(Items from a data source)
↓↓↓
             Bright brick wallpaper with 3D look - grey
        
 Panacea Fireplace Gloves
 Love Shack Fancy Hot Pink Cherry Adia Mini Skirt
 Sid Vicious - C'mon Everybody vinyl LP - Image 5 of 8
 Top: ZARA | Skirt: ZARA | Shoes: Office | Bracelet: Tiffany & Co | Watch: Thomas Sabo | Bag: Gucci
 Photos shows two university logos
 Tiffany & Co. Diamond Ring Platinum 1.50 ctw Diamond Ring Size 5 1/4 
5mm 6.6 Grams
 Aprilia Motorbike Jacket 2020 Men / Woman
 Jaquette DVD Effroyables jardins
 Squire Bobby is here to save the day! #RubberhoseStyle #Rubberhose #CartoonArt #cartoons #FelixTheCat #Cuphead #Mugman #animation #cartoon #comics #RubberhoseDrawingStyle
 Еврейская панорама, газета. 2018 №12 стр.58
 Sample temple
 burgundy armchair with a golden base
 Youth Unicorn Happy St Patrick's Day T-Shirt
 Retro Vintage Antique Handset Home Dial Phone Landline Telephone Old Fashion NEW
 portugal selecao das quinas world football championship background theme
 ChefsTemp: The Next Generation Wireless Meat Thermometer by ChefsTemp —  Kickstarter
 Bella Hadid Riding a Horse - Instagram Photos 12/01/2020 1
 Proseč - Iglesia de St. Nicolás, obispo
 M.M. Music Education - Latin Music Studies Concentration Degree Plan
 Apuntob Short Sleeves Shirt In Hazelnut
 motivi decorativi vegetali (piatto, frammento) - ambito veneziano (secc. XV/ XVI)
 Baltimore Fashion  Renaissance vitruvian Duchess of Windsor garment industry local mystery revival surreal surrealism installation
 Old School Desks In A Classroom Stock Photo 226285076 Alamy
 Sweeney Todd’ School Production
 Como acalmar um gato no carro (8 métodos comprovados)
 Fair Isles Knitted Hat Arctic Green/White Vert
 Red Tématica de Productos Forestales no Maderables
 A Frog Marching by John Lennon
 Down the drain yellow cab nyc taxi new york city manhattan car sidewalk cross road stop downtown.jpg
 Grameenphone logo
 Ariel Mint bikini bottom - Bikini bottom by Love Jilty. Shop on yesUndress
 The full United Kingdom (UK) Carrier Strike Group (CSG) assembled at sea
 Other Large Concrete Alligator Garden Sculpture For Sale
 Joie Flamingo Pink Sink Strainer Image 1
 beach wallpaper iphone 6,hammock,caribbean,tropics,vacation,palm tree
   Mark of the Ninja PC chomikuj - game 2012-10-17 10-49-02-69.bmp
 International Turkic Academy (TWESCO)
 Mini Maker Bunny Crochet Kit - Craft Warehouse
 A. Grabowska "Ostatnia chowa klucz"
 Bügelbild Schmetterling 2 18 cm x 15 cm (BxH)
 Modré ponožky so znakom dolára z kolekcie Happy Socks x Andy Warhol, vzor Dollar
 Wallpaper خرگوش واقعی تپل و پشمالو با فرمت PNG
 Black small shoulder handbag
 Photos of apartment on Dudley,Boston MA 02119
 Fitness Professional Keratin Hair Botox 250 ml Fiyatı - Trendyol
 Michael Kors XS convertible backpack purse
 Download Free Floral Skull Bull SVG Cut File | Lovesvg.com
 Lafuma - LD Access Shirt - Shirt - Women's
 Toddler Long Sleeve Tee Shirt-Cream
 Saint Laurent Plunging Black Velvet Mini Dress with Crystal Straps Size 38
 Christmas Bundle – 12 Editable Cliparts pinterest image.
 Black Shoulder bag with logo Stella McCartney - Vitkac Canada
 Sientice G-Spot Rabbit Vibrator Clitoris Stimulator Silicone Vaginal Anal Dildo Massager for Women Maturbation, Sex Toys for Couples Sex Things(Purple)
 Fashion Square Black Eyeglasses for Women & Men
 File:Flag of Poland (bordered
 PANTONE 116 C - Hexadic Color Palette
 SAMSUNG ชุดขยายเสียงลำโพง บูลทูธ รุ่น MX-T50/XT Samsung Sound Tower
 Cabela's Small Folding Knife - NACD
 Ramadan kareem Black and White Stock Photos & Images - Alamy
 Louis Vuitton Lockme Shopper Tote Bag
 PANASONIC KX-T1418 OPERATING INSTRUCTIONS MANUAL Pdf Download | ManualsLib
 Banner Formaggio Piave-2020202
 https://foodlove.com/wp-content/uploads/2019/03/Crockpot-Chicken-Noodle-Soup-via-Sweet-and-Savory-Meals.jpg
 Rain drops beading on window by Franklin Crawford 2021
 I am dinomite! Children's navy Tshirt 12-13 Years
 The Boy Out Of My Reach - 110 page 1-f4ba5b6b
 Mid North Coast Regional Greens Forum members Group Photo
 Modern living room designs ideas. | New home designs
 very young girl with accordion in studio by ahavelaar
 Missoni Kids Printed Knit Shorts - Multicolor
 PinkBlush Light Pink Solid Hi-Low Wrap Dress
↑↑↑
=== Directions for this task ===
Could you set down, exactly as written, the lines above between the one holding "Proseč - Iglesia de St. Nicolás, obispo" and the one holding "Grameenphone logo", inclusive, and nothing more?

=== Exercise answer ===
 Proseč - Iglesia de St. Nicolás, obispo
 M.M. Music Education - Latin Music Studies Concentration Degree Plan
 Apuntob Short Sleeves Shirt In Hazelnut
 motivi decorativi vegetali (piatto, frammento) - ambito veneziano (secc. XV/ XVI)
 Baltimore Fashion  Renaissance vitruvian Duchess of Windsor garment industry local mystery revival surreal surrealism installation
 Old School Desks In A Classroom Stock Photo 226285076 Alamy
 Sweeney Todd’ School Production
 Como acalmar um gato no carro (8 métodos comprovados)
 Fair Isles Knitted Hat Arctic Green/White Vert
 Red Tématica de Productos Forestales no Maderables
 A Frog Marching by John Lennon
 Down the drain yellow cab nyc taxi new york city manhattan car sidewalk cross road stop downtown.jpg
 Grameenphone logo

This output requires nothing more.